- Origin: Seoul, South Korea
- Genres: K-pop
- Years active: 2011–present
- Labels: Ulala Company
- Members: Kim Myung-hoon; Park Seung-il; Choi Do-won;
- Past members: Lim Yoon-taek; Park Kwang-sun; Goon Jo; Ha Jun-seok;

= Ulala Session =

South Korean boy band

Ulala Session (울랄라 세션) is a South Korean boy band that rose to fame after winning the 2011 television talent show Superstar K 3. The group currently consists of members Kim Myung-hoon, Park Seung-il, Choi Do-won. The group originally included Lim Yoon-taek, who died from gastric cancer in 2013, and Park Kwang-sun, who left after enlisting in the military in 2015. Choi Do-won and Ha Jun-seok joined the group in 2016.

==Career==
Prior to their appearance on Superstar K3, the group was not widely known in South Korea, performing "anywhere, even in the middle of a schoolyard if there was a stage."

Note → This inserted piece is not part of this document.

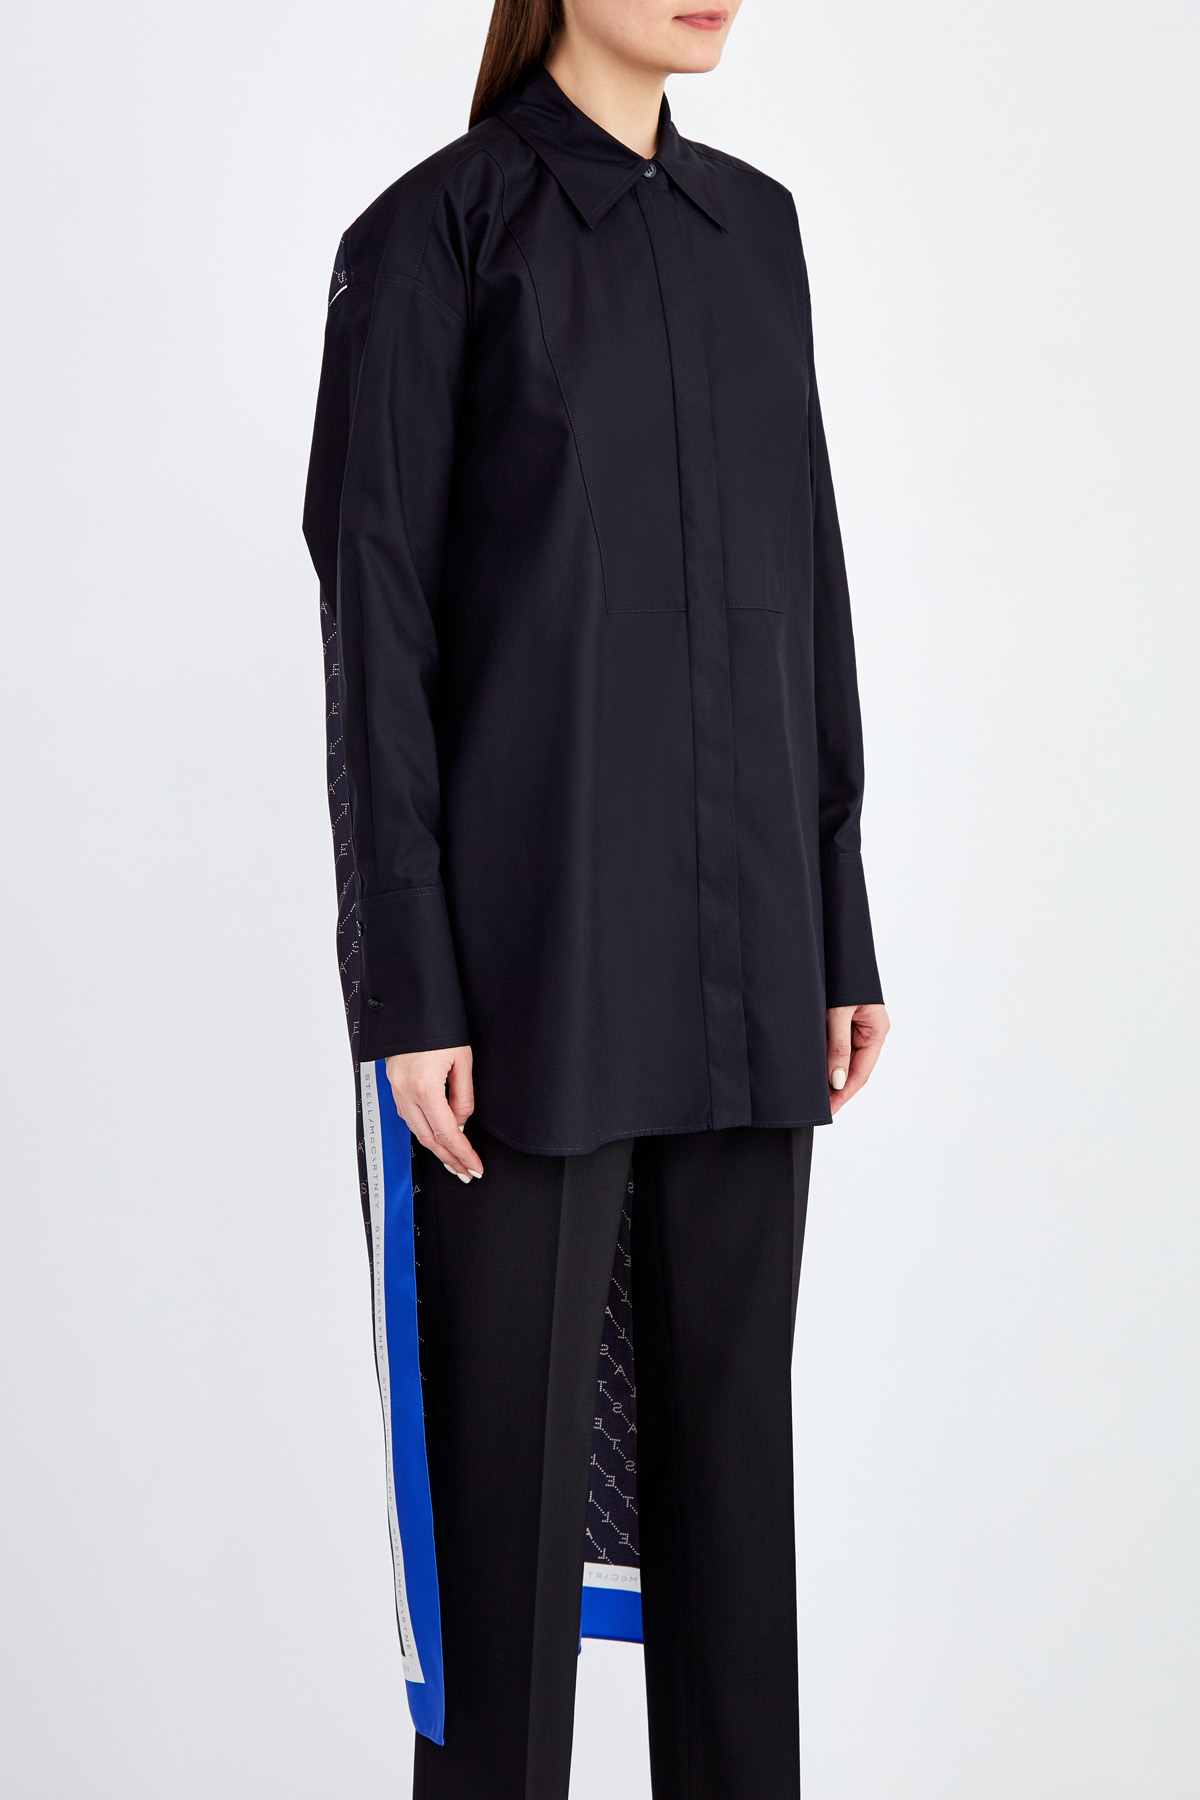 Рубашка асимметричного силуэта с удлиненным шлейфом из шелка STELLA McCARTNEY, цвет черный, размер XS - фото 3

During Superstar K3, audiences responded particularly fondly to lead singer Lim's battle with stomach cancer. This led to some speculation that Ulala Session was making up the story of Lim's cancer as a way to garner sympathy during the competition; Lim responded in July 2012 by bringing his doctor on SBS's One Night in TV Entertainment to confirm the diagnosis.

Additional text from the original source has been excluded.